OpenShift MCP Server
A Model Context Protocol (MCP) server for OpenShift diagnostics and troubleshooting.
Features
Storage Tools
- Storage Analysis:
get_cluster_storage_report- comprehensive report of ephemeral storage usage on nodes, including top pod consumers. - Deep Forensics:
inspect_node_storage_forensics- deep analysis of disk usage on a specific node, checking for unused images and container writable layers. - PV Capacity:
check_persistent_volume_capacity- monitor persistent volume usage across namespaces with configurable thresholds.
Monitoring Tools
- Resource Balance:
get_cluster_resource_balance- analyze CPU and memory resource distribution across nodes. - Pod Restarts:
detect_pod_restarts_anomalies- identify pods with excessive restart counts within a time window. - GPU Utilization:
get_gpu_utilization- track GPU usage and identify idle GPU resources. - Inspect GPU Pod:
inspect_gpu_pod- runnvidia-smiinside a GPU-enabled pod to view real-time process and memory details. - Check GPU Health:
check_gpu_health- check for GPU hardware errors (XID) and throttling events across the cluster. - vLLM Metrics:
get_vllm_metrics- monitor vLLM inference server performance metrics (throughput, queue size, cache usage).

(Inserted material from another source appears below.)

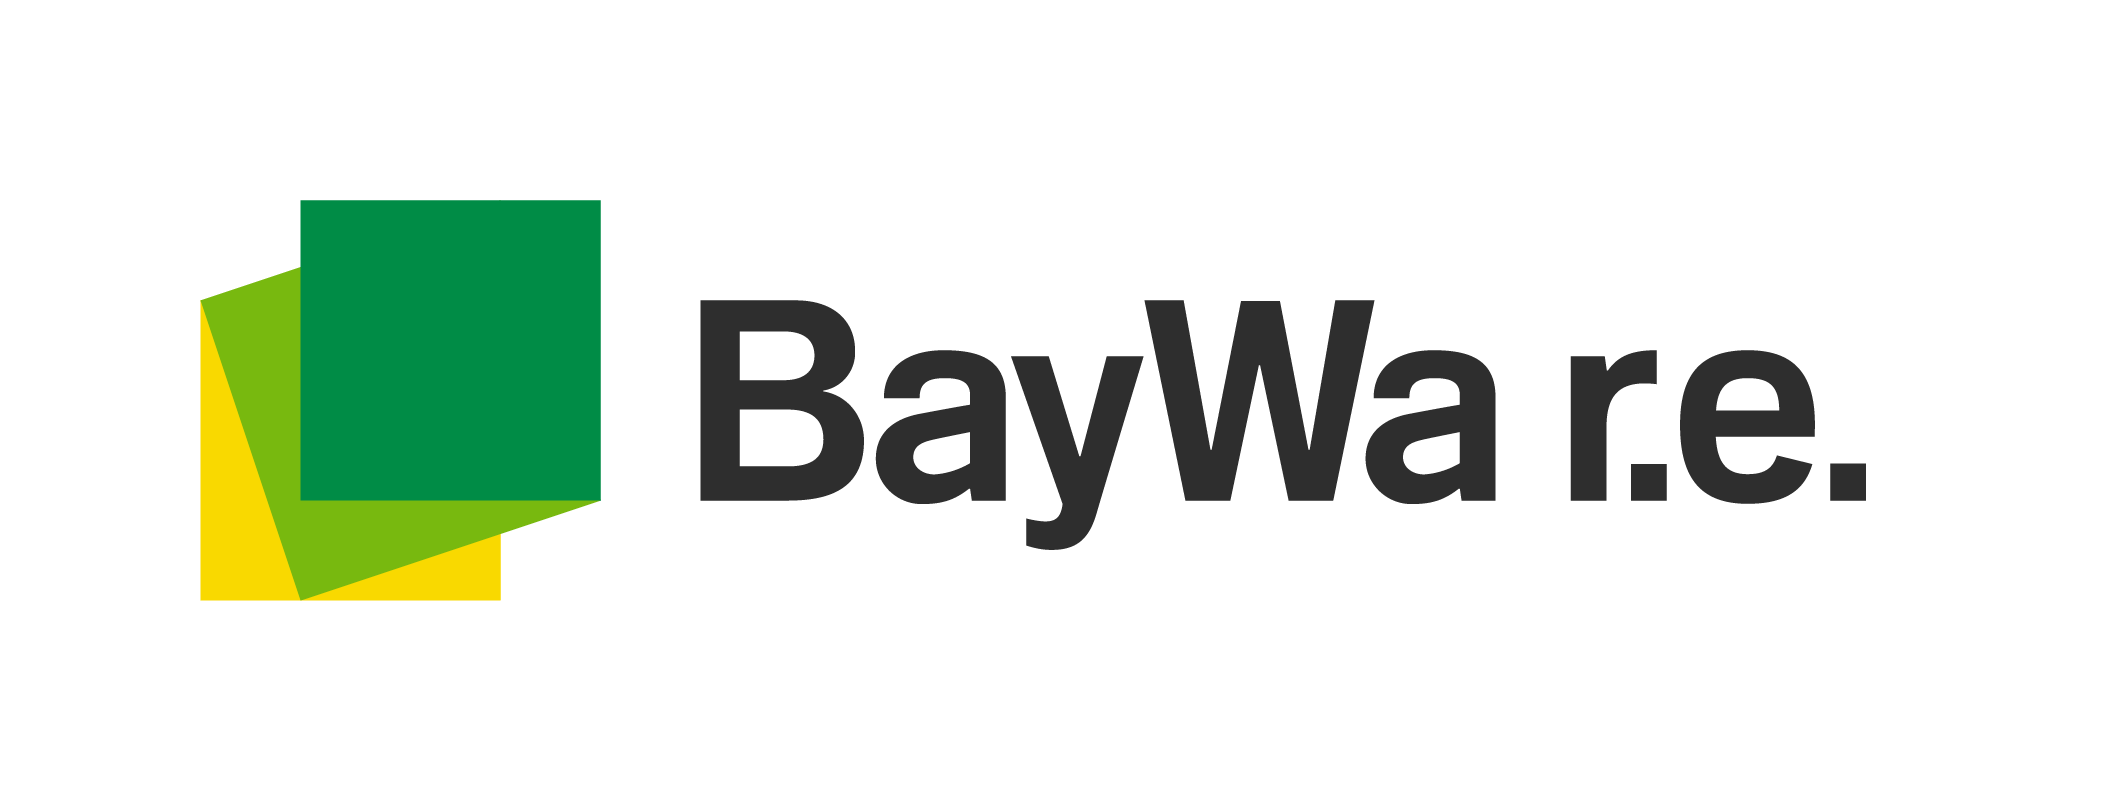 BayWar-re_BD_RGB

All monitoring tools use Prometheus metrics via OpenShift route for real-time cluster observability.
Pod Diagnostics Tools
- Pod Logs:
get_pod_logs- retrieve and analyze logs from a specific pod, with support for previous container logs, tail limits, and time-based filtering. - Pod Diagnostics:
get_pod_diagnostics- comprehensive health check of a pod including status, conditions, container states, restart counts, and issue detection.
Installation
# Using uv (recommended)
uv tool install .
# Or pip
pip install .
Configuration
This server relies on the oc command line tool.
- Ensure
ocis installed and in your PATH. - Ensure you are authenticated (
oc login ...) to your target cluster before running the server.
MCP Client Configuration
Configure the MCP server in your Claude Desktop or Gemini CLI settings:
{
"mcpServers": {
"openshift-tools": {
"command": "uv",
"args": ["run", "openshift-mcp-server"]
}
}
}
Example Usage
Once configured, you can ask questions like:
"Give me a summary of storage usage for all nodes"
"Check GPU utilization in the cluster"
"Diagnose pod health for my-app-pod in production namespace"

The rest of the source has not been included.